But neither “-chen” nor “-lein” stuck. Then, listening to the rhythm of his footsteps, he began turning assonances and rhythms over in his mind, a familiar exercise that reduced his external world to the radius of his fedora—and a mute keyboard of words began fidgeting its keys.
The shock of someone’s shoulder against his shoulder upset a line: Dropping rhymes, the poet raised his eyes and looked around. He had gone well past his entrance. Suddenly he felt—like heavy weights tied to his knees—his exhaustion. Unding mulled the irksome sum: two times two hundred made a dead loss of four hundred steps—his only reward.
Ernst Unding was hardly a regular reader of the morning papers. But after his parting conversation with Munchausen, he happened to see a three-line item about a member of the diplomatic corps, Baron von M., having left on the express—on some mysterious errand—for London. Then a week later the large type of a dispatch announced the successful agency in influential English circles of von M. The name’s remaining letters seemed to have vanished in the London fog. Unding put the paper aside with a smile. Further reports went past him: he caught cold and took to his bed where he lay oblivious of events for five or six weeks.

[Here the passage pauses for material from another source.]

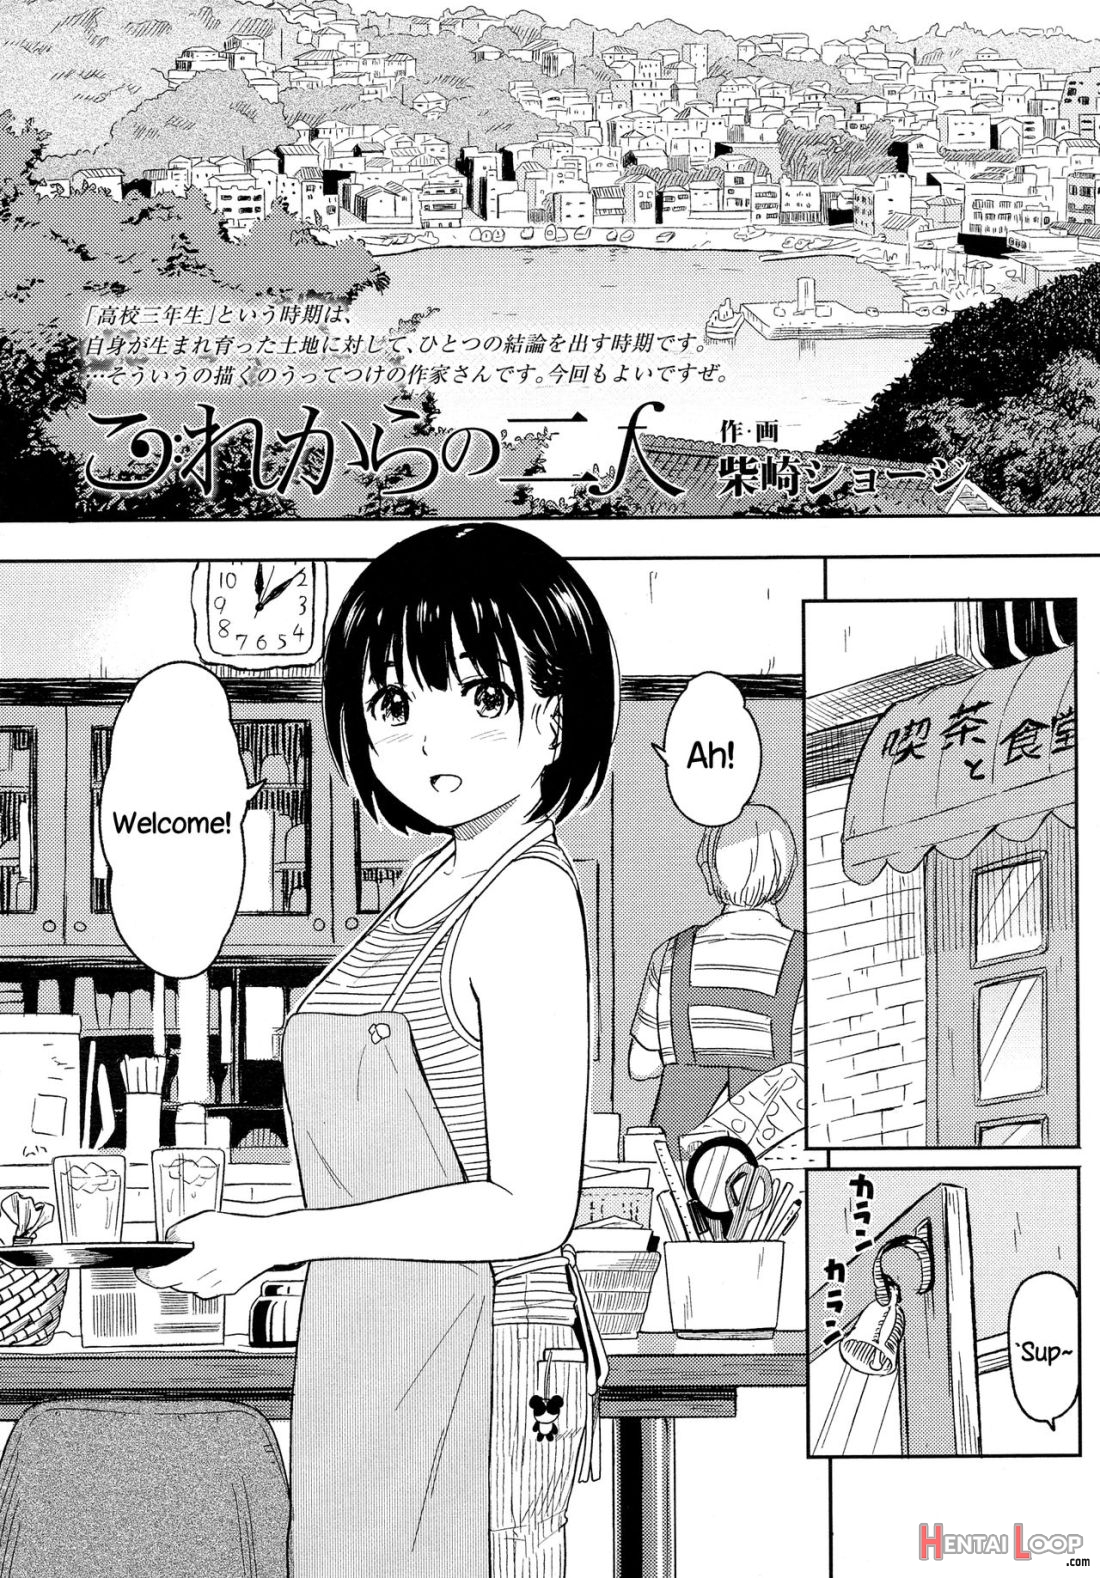 Korekara No Futari page 2

When he had recovered strength enough to creep to the casement and open it, he met a sunny blast of spring air. From below, ricocheting off walls, came the rivalrous voices of newspaper boys. Leaning over the sill, Unding caught first the end, then the beginning, then the whole cry:
“Extra! Extra! Baron Munchausen on Karl Marx!”
“Munchausen on . . .”
The wind began to blow. The convalescent closed the window and, breathing hard, let himself down into a chair. His lips articulated the soundless words: “Here we go.”
•
Meanwhile, Baron Munchausen, safely arrived in London, was being received, as he put it, with extreme solicitude by the local fogs. The fogs served him humbly and faithfully. He could fill heads full of them more deftly than an expert milkmaid decanting her ware into canisters.
“Horses and voters,” the baron liked to say among friends, “if you do not put blinkers on them, they will throw you into the nearest ditch. I have always admired Teniers’s* technique of allowing black to become white and white to grade into black: through gray. Neutral tones in painting, neutrality in politics, and let the Johns, Günthers, and Pierres go on goggling into the fog: ‘What is that? The moon or a streetlamp?’ ”
However, these paradoxes rarely set foot outside the three-story cottage on Bayswater Road where the baron was now ensconced. He had deliberately chosen a house at some distance from rackety Charing Cross, with its waves upon waves of people. Behind the cottage were the wide and not too noisy streets of Paddington, while from the top-floor windows one could see, beyond the long wrought-iron railings, the silent walks of Kensington Gardens: in winter, the trees were festooned with cottony tufts of snow; in summer, under those same trees, the paths of saffron sand were dappled with shadows like inkblots.
Once settled, Baron Munchausen had the small front garden dug up; in place of the parterre of patterned flowers and greensward running up to the cottage’s red bricks, he planted with his own hands the Turkey-bean seeds he had brought with him in a little antique box at the bottom of his portmanteau. After the first few waterings, the beans twined up the façade with supernatural speed, up and up. If at midday they were curling about the first floor, then by nightfall, when a hazy sickle moon cut through the gray-brown fog, the fine spirals of their green whorls had reached the windows of the third-floor study, where the baron was poring over the minute script in some old notebooks by the light of a green-shaded lamp. The beans went on twirling upward with their thread-like tendrils, obviously aiming for the sickle moon. But Munchausen gave the wanderers a stern look and, wagging an admonitory finger, said, “Again?”*
The next morning dumbstruck passersby could only shake their heads as they contemplated the tremendous trellis that, having twirled right up to the roof, had suddenly sagged with its curly green pendants back down to the ground. From that day forth the house on Bayswater Road was known as Mad Bean Cottage.
Munchausen’s daily round confirmed the words of a popular American author: “The world is managed by people who do about two hours work a day—that is, on the days when they work at all.”* On rising from his bed, the baron usually glanced through the morning papers, drank a cup of coffee mehr weiss,[1] and, having smoked his first pipe, exchanged his carpet slippers for a pair of pointed gaiters. Then he went out for an airing. To start, he went on foot: strolling through green-leaved Kensington from north gate to west. He liked to see the many-colored sunbeams gamboling along the paths, the sand castles, and the tiny tadpoles being read to by superannuated English misses from large-lettered picture books of fairy tales. Curving away to the left were the shimmering gray scales of the Serpentine.